*Brief*
Nothing but the lines from the one with "Stream Watch Kamisama" through the end of the data should be set down, each exactly as written, and no picture should be included.
═══ Given data
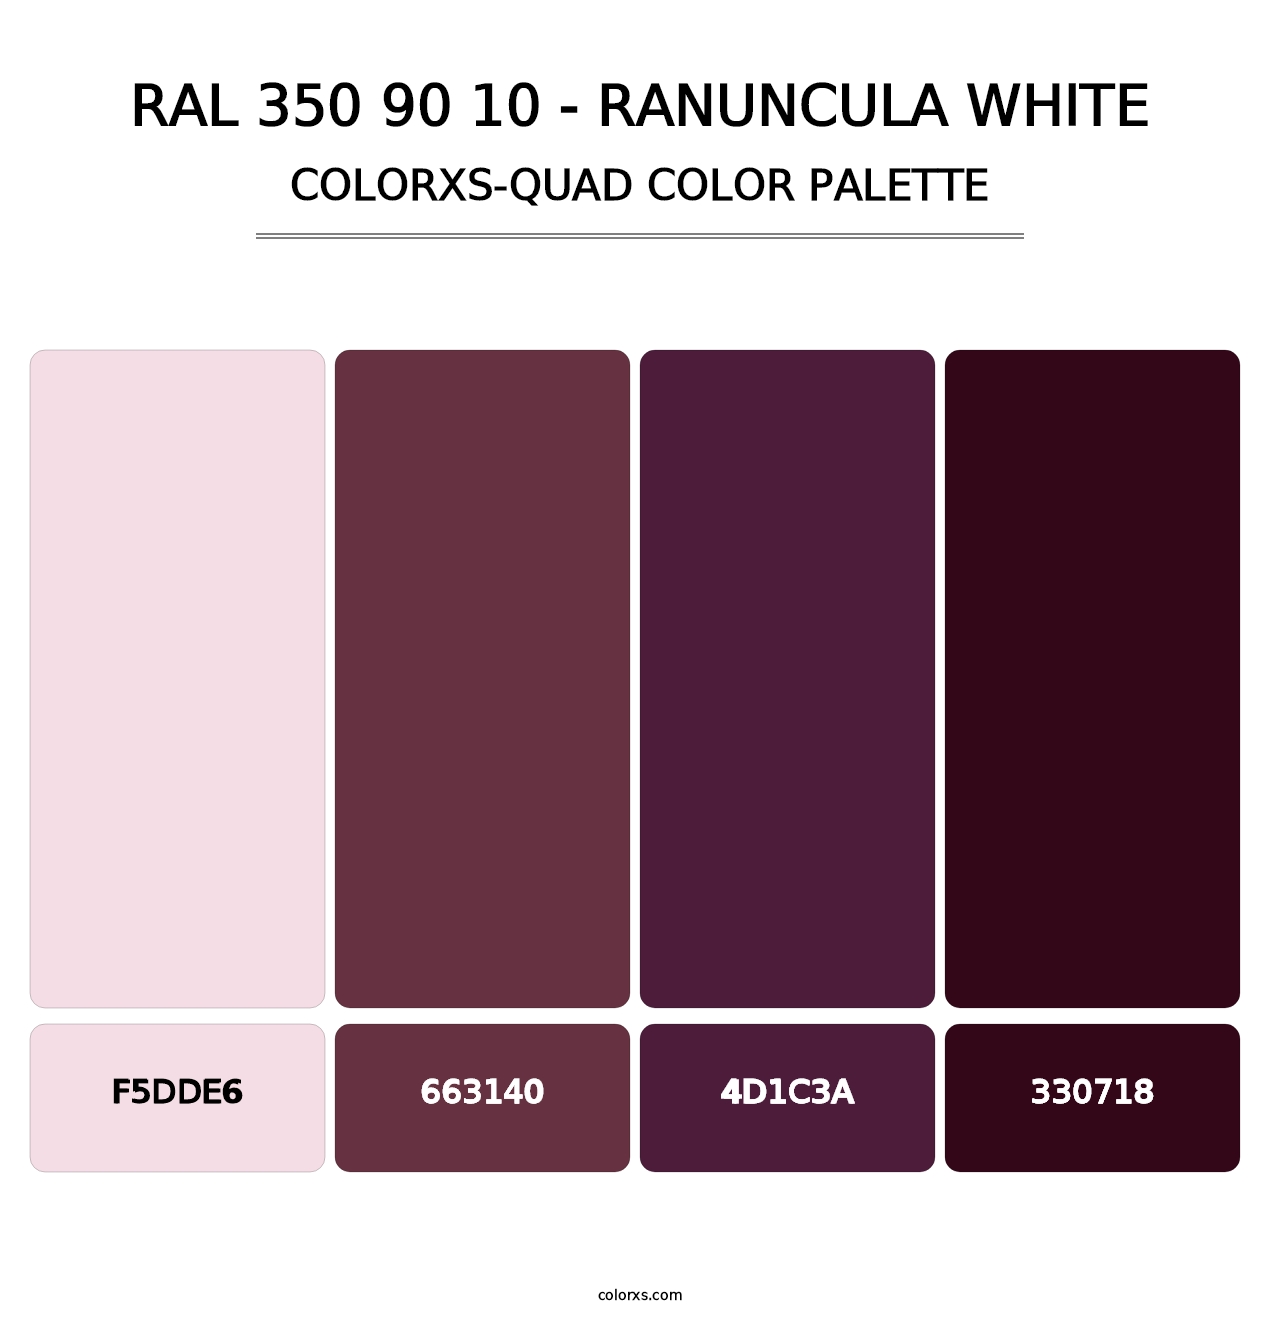 RAL 350 90 10 - Ranuncula White - Colorxs Quad Palette
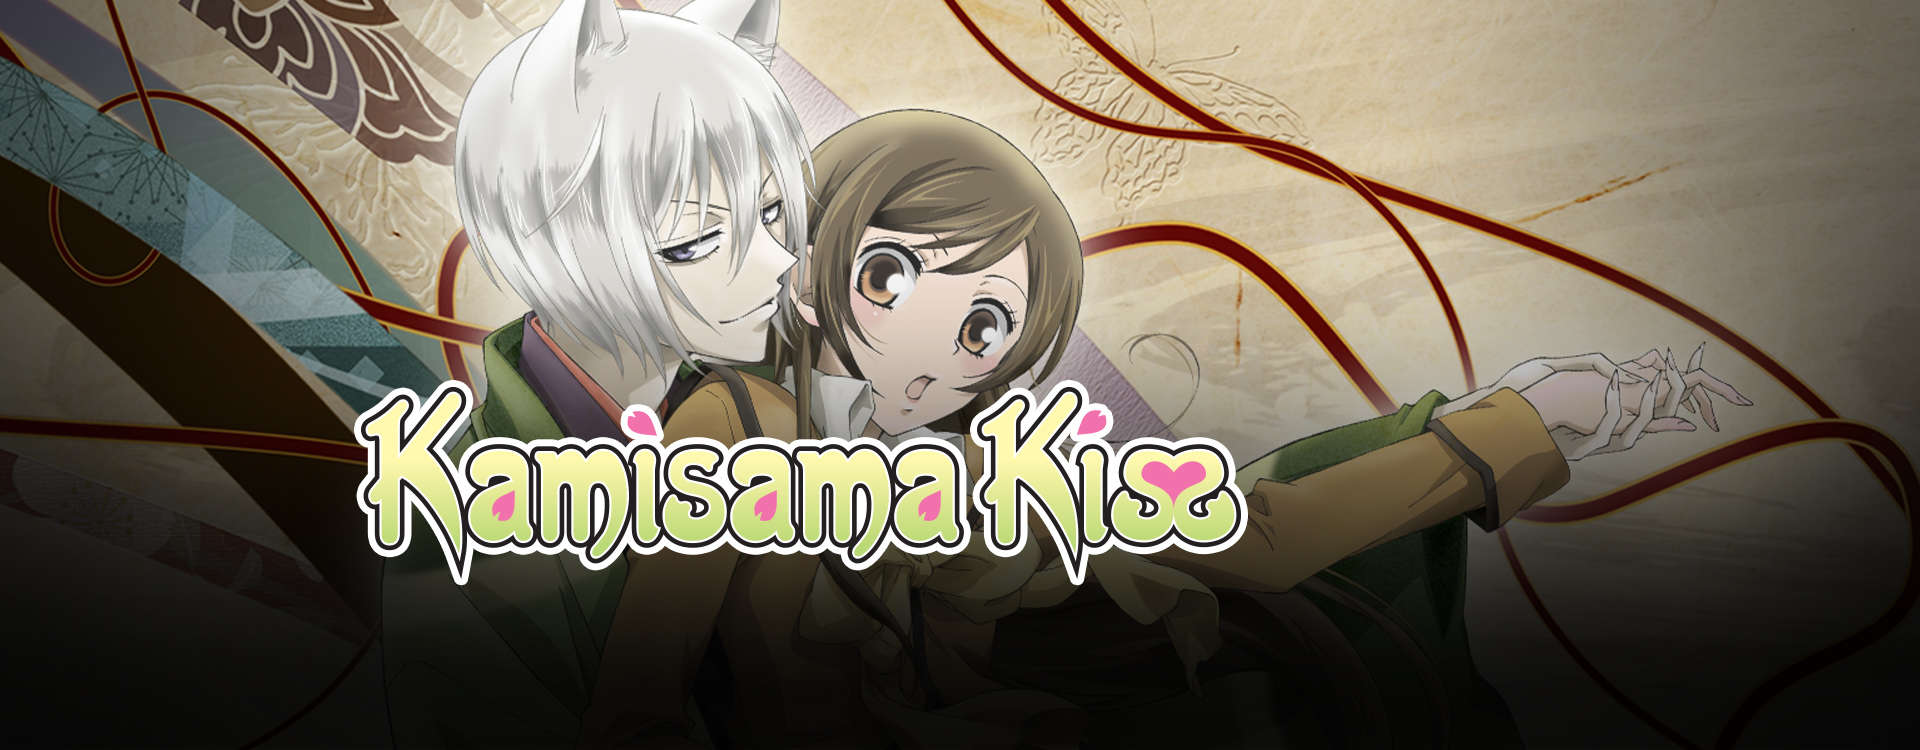 Stream Watch Kamisama Kiss Episodes Online Sub Dub
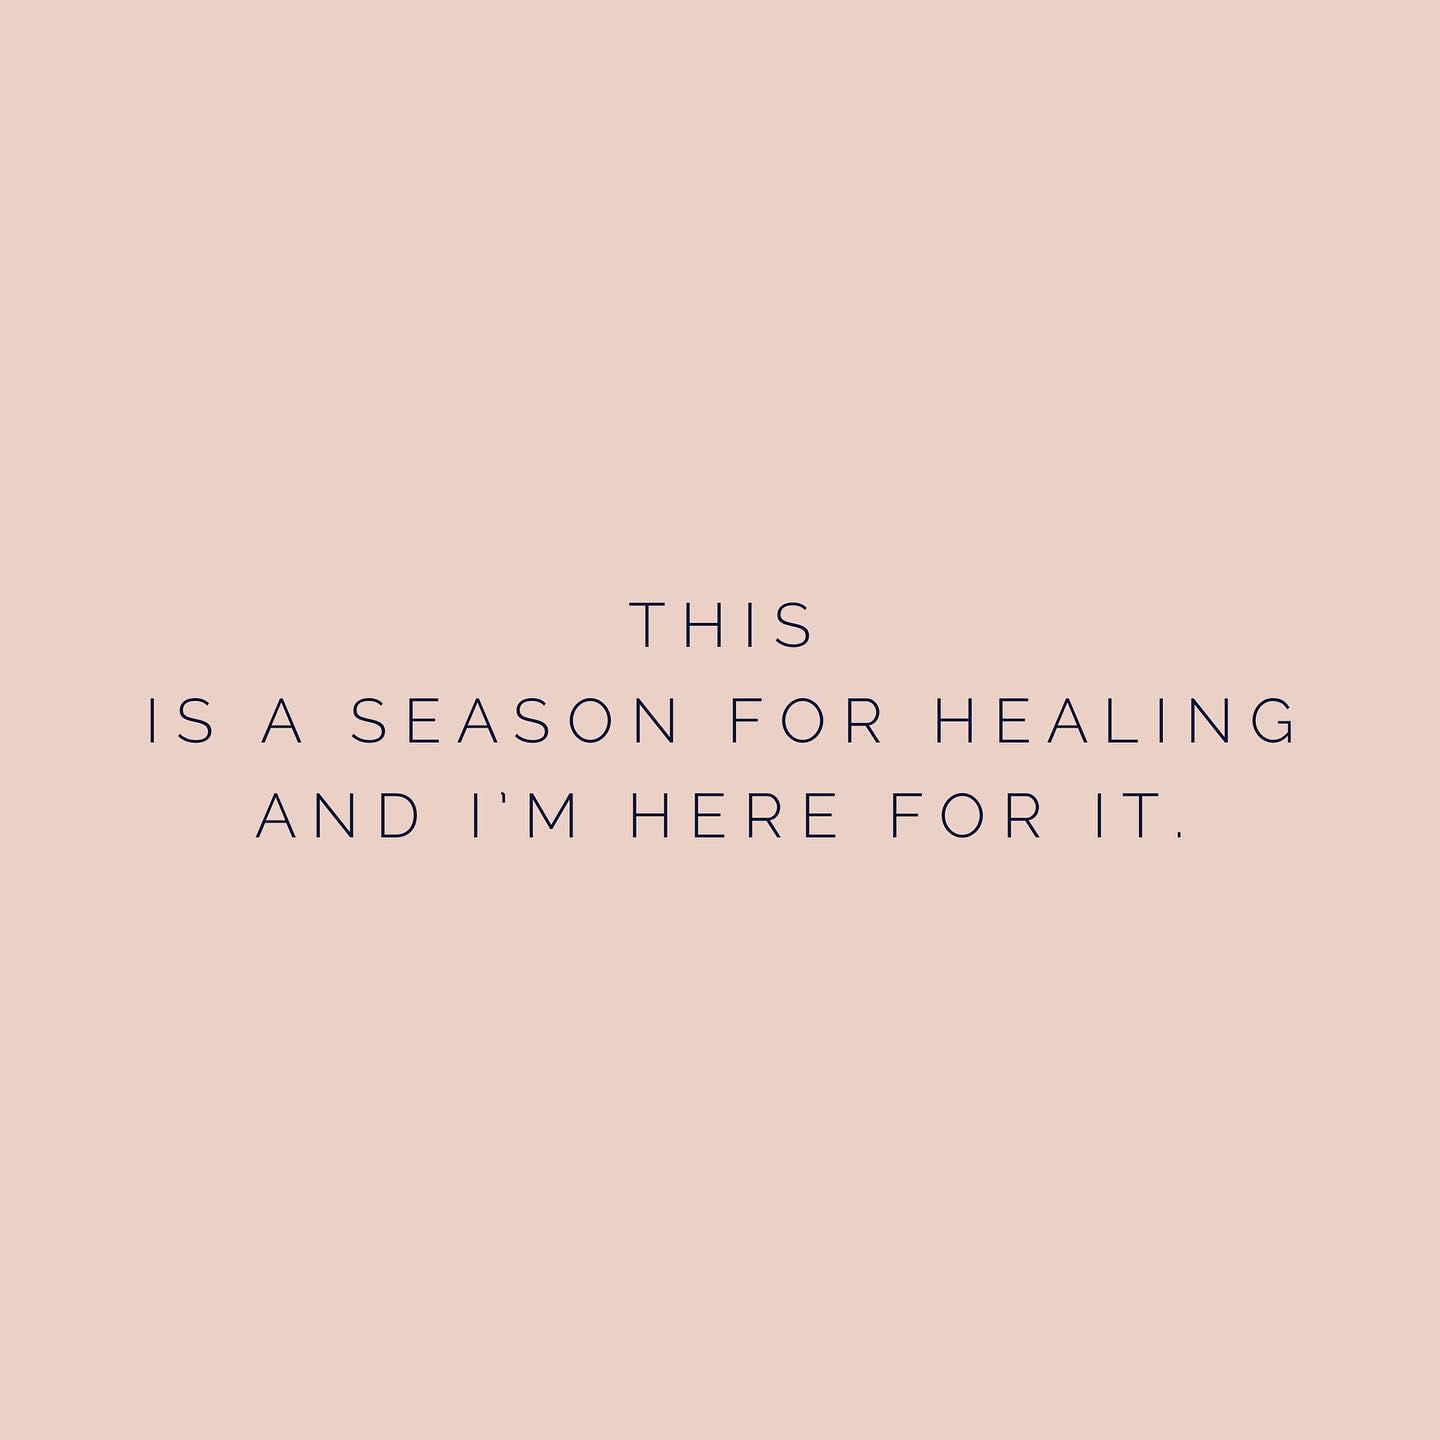 Jada Pinkett Smith's statement about healing
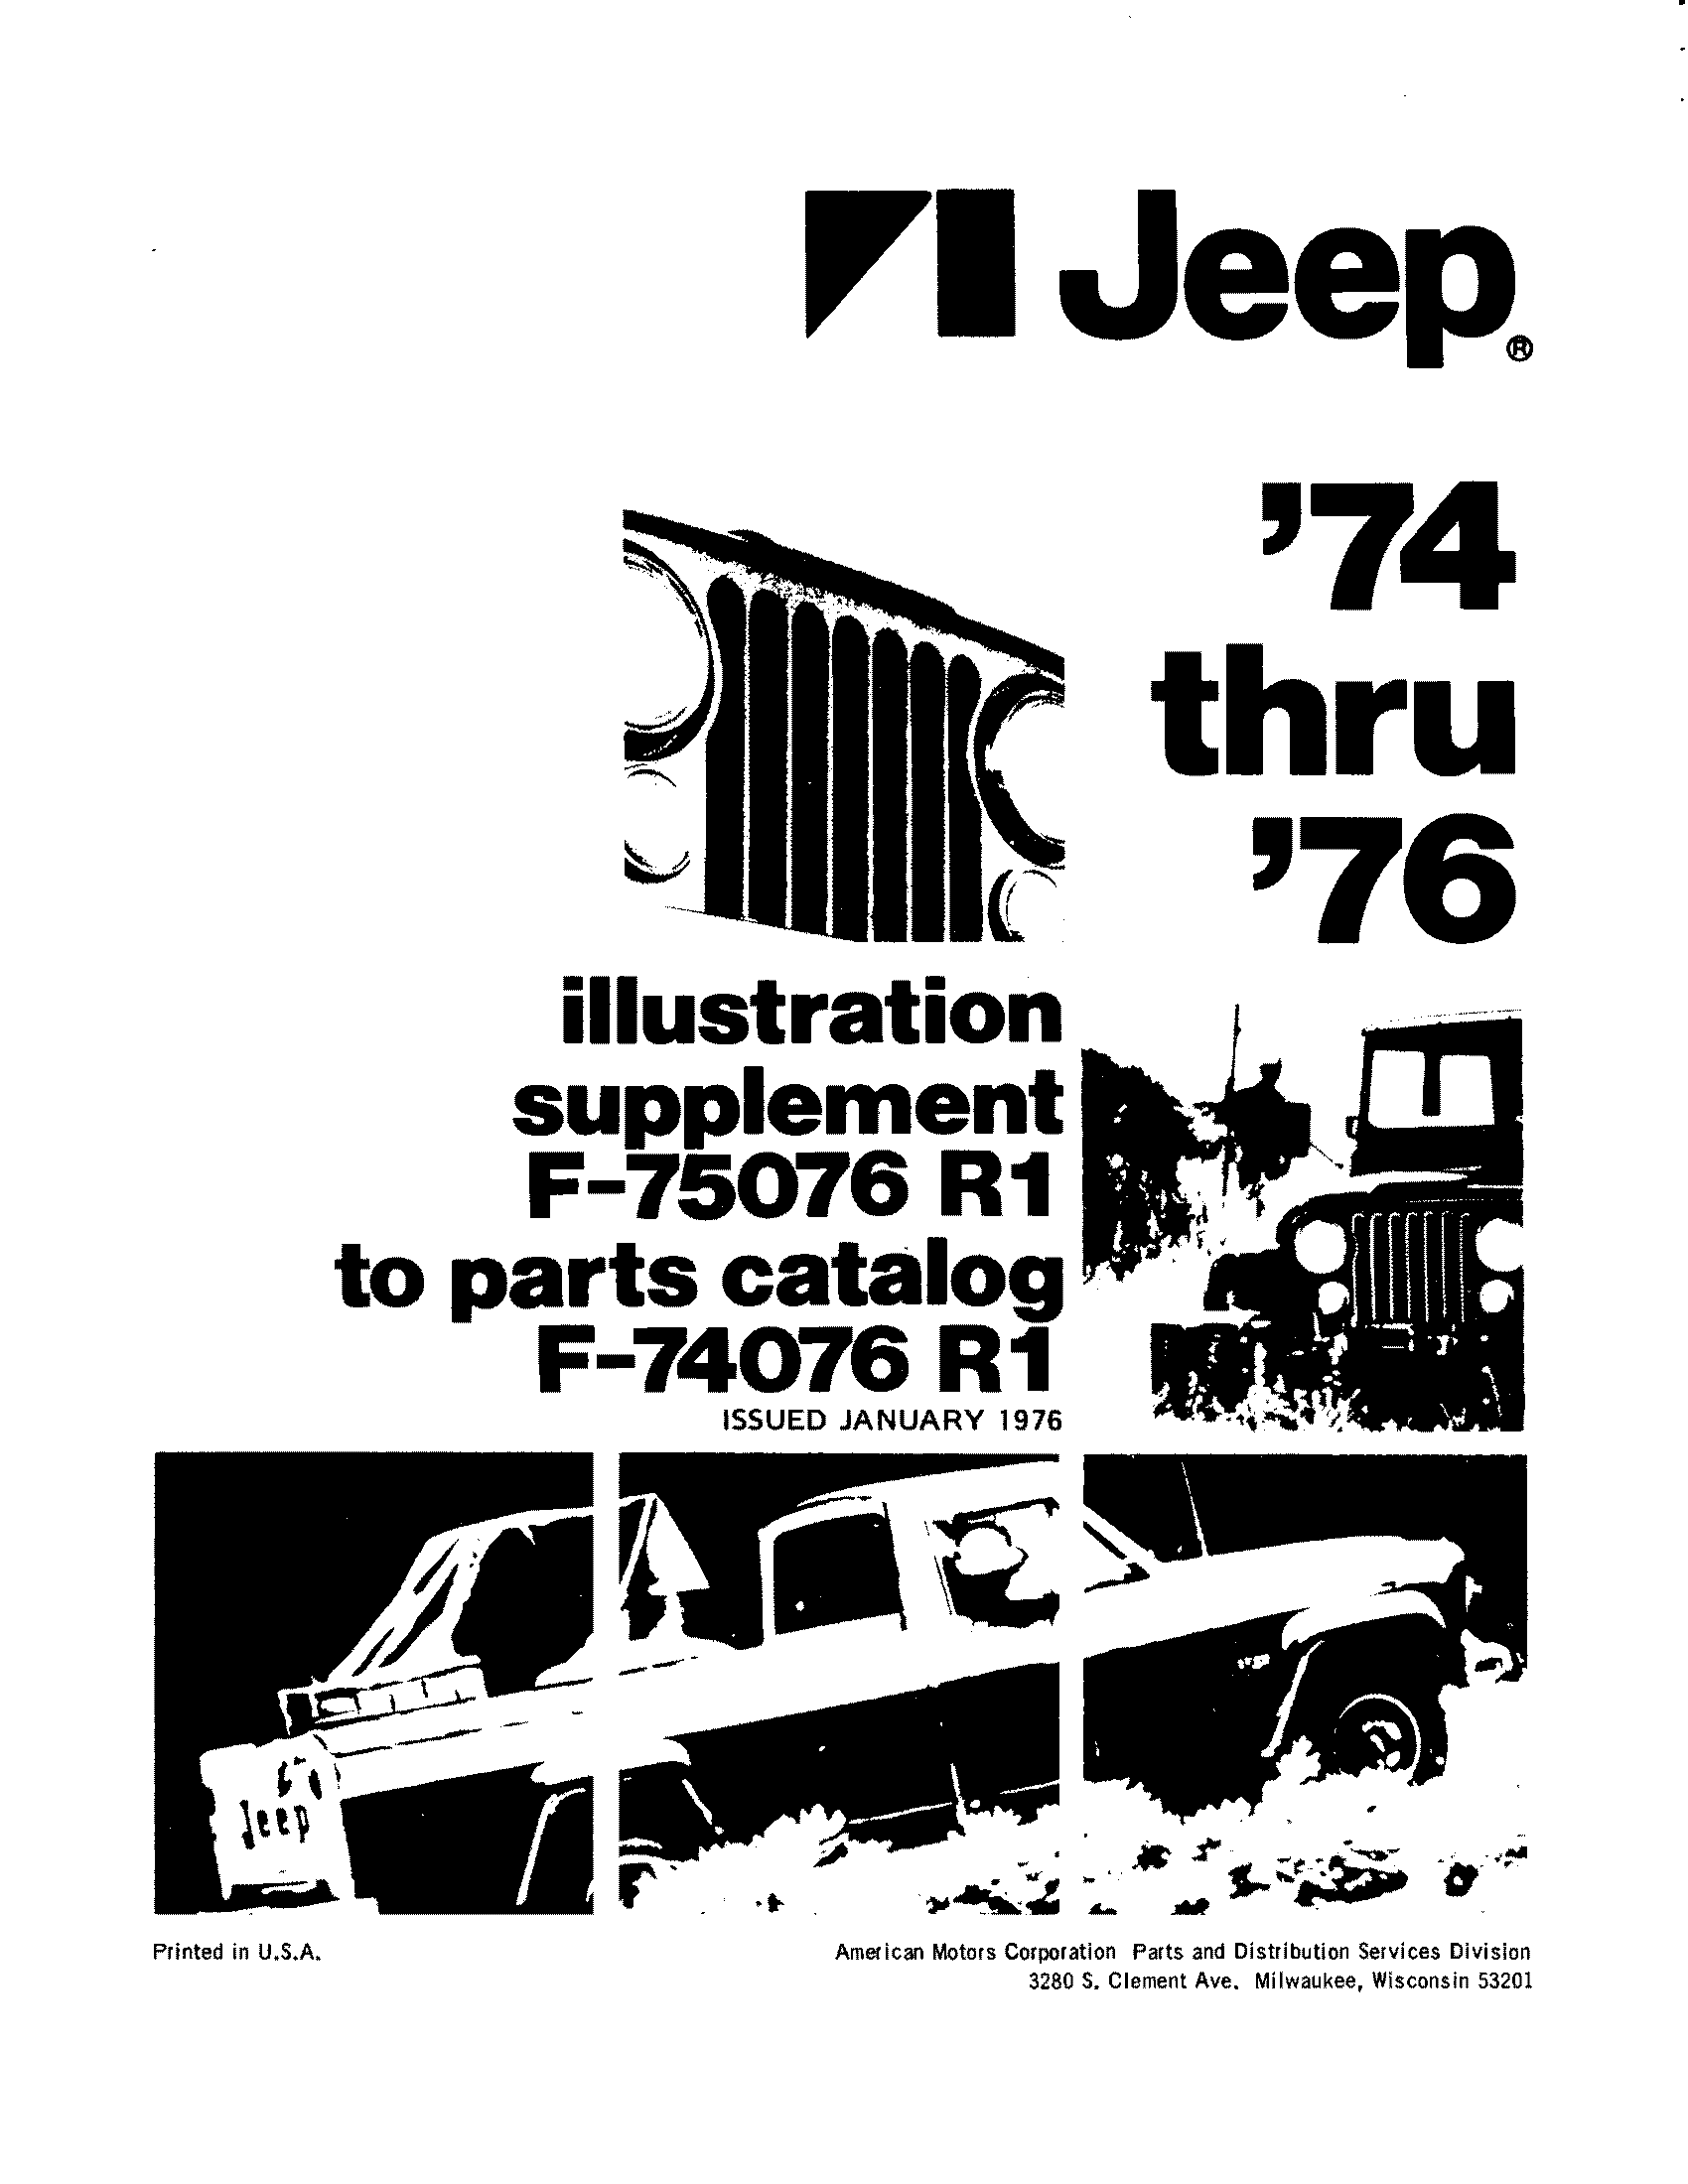 Illustration Supplement F-75076 R1 January 1976
══════
*Answer*
 Stream Watch Kamisama Kiss Episodes Online Sub Dub
 Jada Pinkett Smith's statement about healing
 Illustration Supplement F-75076 R1 January 1976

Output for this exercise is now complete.